Princess Street is a major arterial road in Kingston, Ontario, Canada. As the main retail street of downtown Kingston, it is lined by many historic limestone buildings in the city's downtown core.

Princess Street begins at Kingston's current western city limits in Westbrook (continuing from Main Street, Odessa) and ends at the downtown waterfront east of Ontario Street. Eastbound traffic is then carried by Ontario Street across the Lasalle Causeway to Barriefield. All of Princess Street and most of Ontario Street formed part of the Provincial Highway, the main highway from Windsor/Toronto to Montréal until a Kingston Bypass was constructed at the end of 1954. In the outlying western sections of the city, the road was known primarily as "Highway 2", with the Princess Street name gradually adopted as the urban area expanded west.

The street was originally called Store Street due to a large government store at the lower end. It was renamed Princess Street in honour of the birth of the Princess Royal in approximately 1840. The portion west of Highway 33, originally well outside the city limits, appears on maps as York Road at least until 1908 and is historically part of the original 1817 Kingston Road from Toronto.

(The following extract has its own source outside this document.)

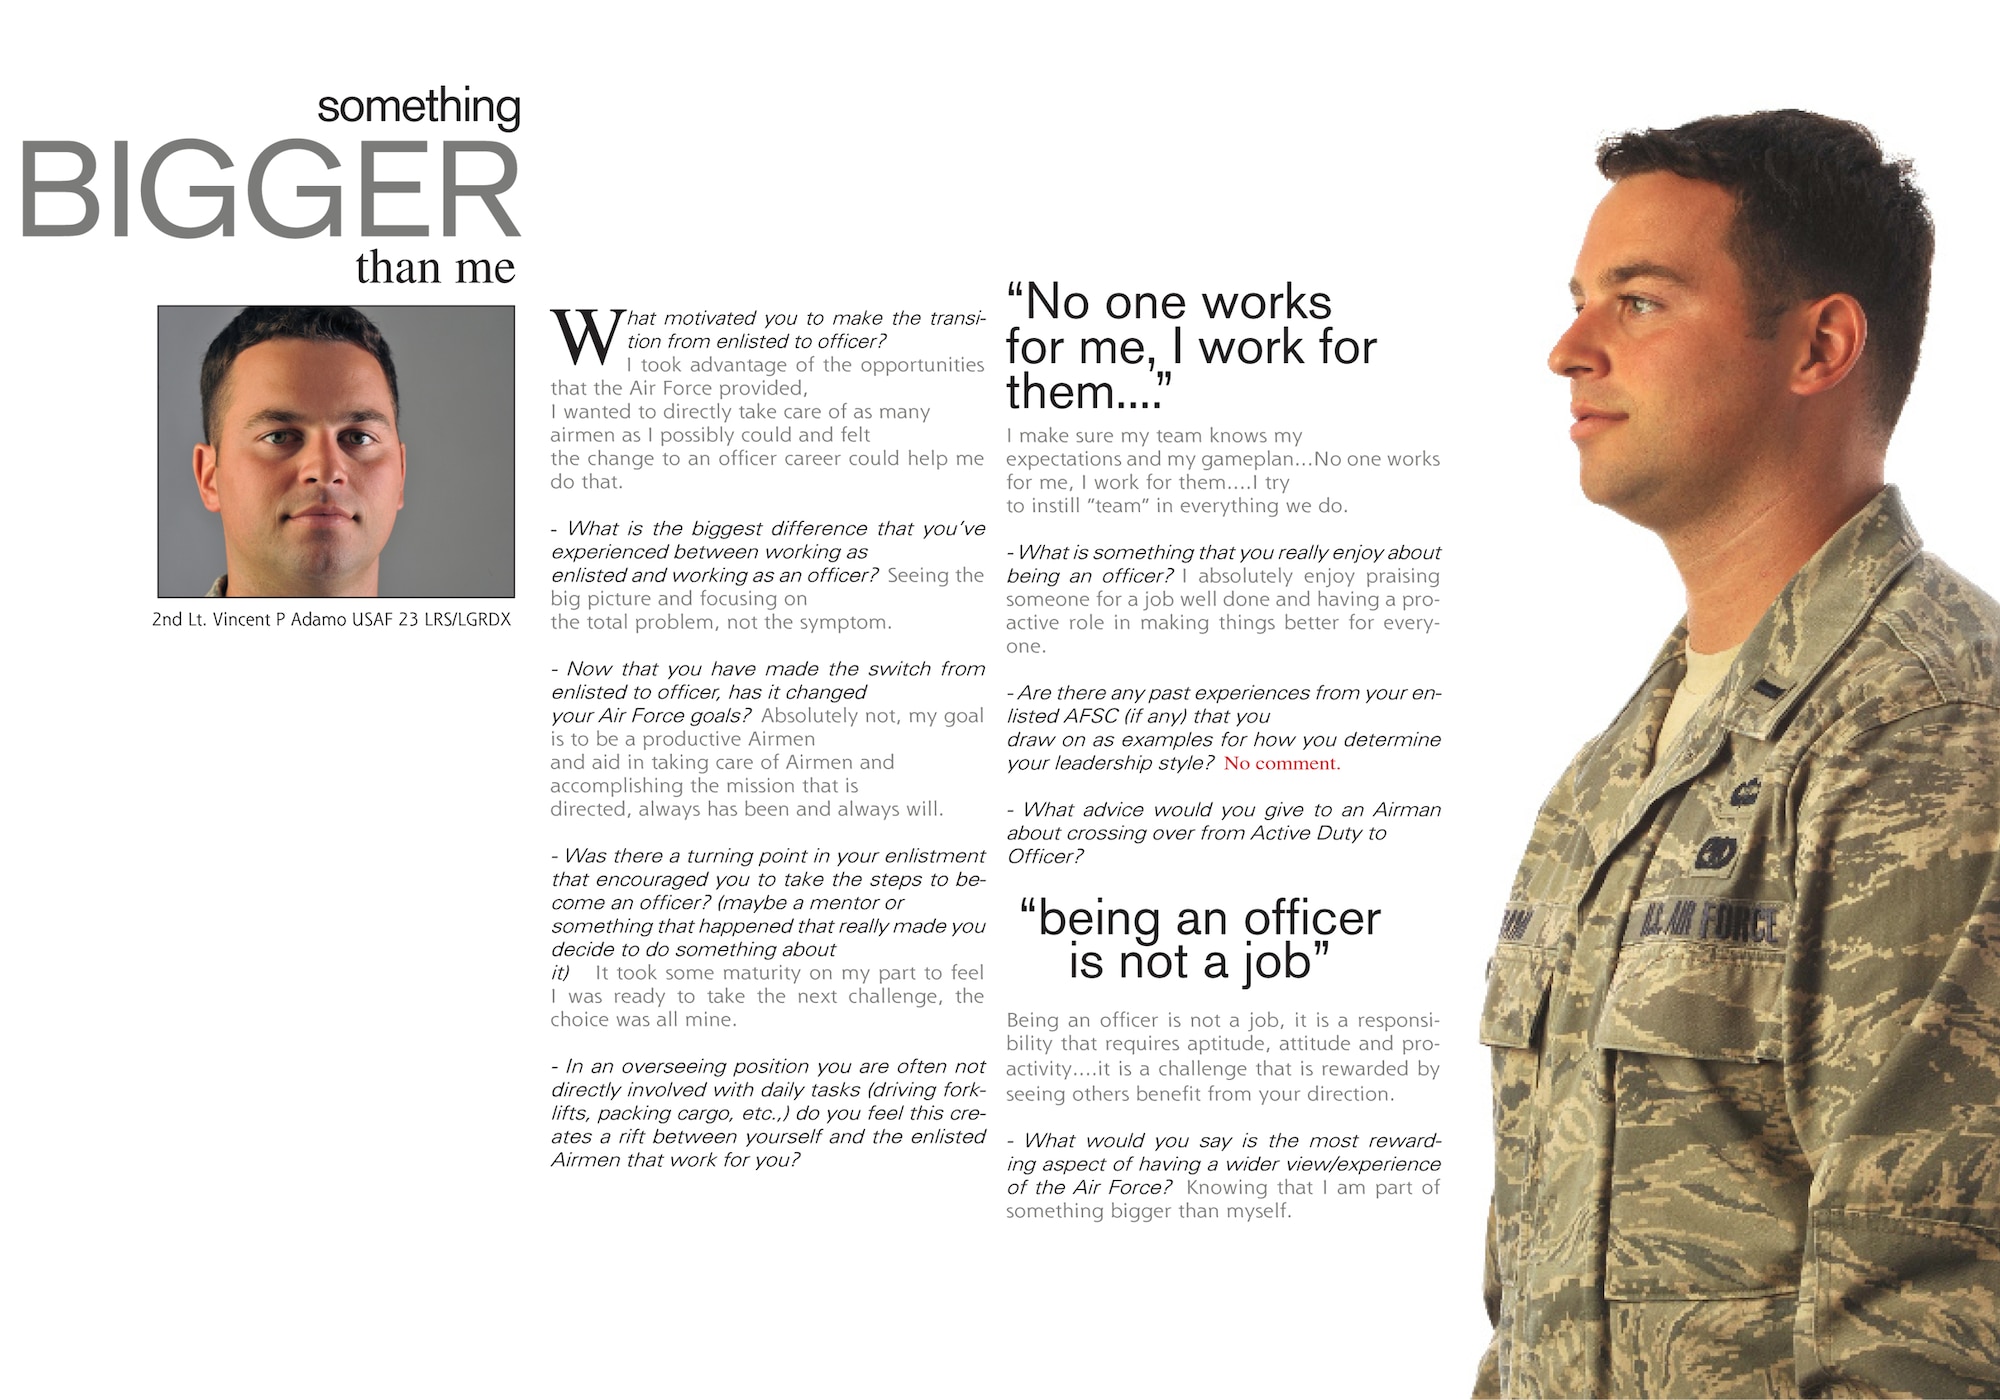 Combat experience preps Moody deployment officer > Moody Air Force Base >  Article Display
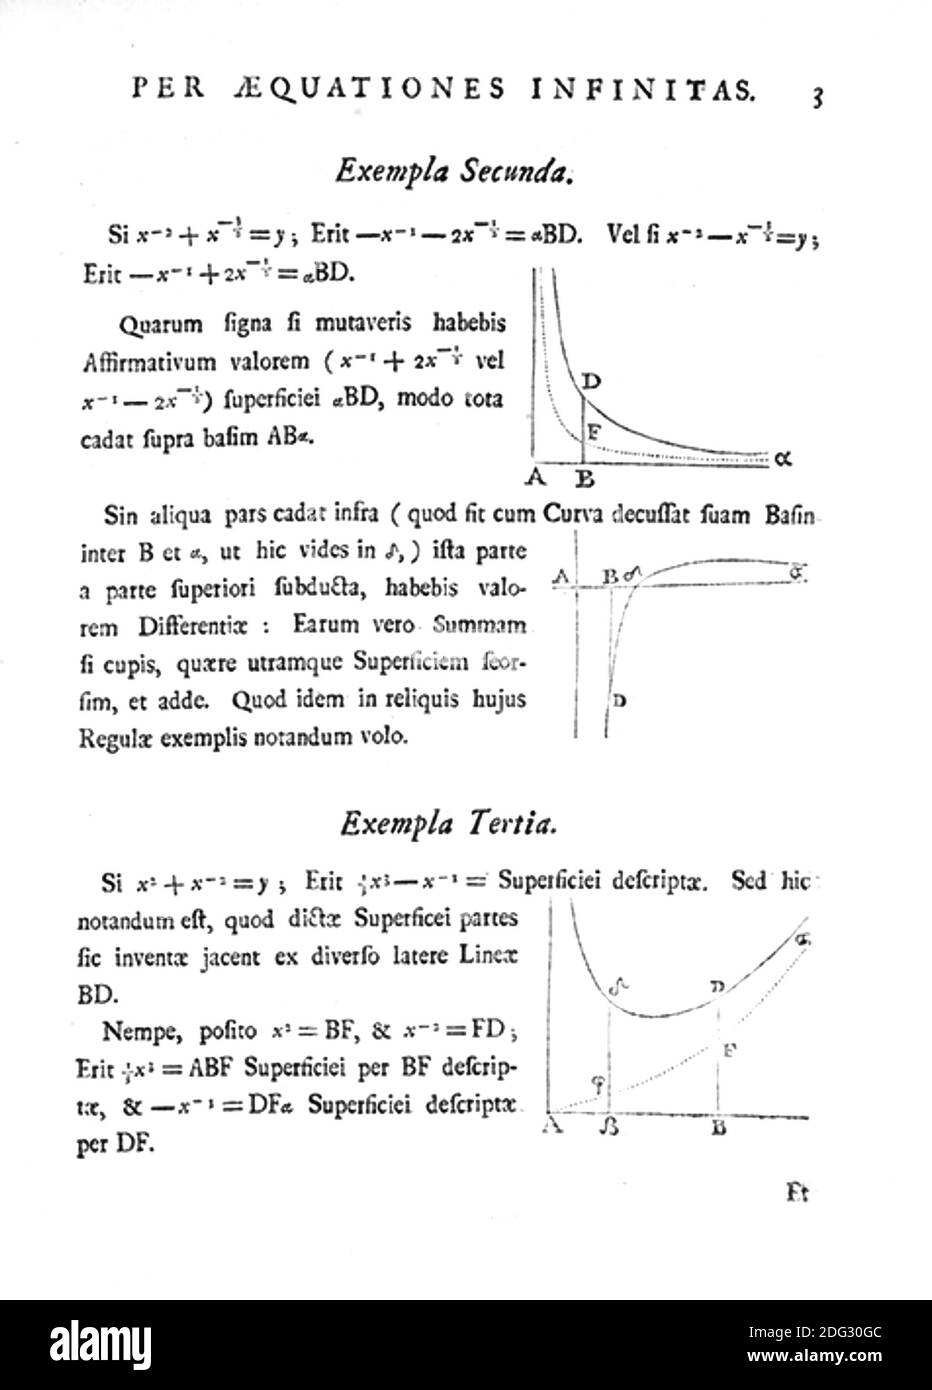 ISAAC NEWTON (1642-1726/7) English mathematician, physicist, theologian, and author. Page from his 1711 work on calculus, De analysi per aequationes... Stock Photo

An 1839 toll road, one of the first to be macadamized in the region, retained this same path between Kingston and Napanee; some of this road's stone markers remain visible on the western portion of Princess Street today.

A horse-drawn Street Railway had operated on Princess from Concession Street to the foot of downtown from 1877 to 1905; electric streetcars replaced this on an abbreviated route (Princess from Alfred Street to downtown) until 1930, when the streetcars were destroyed and the system converted to buses.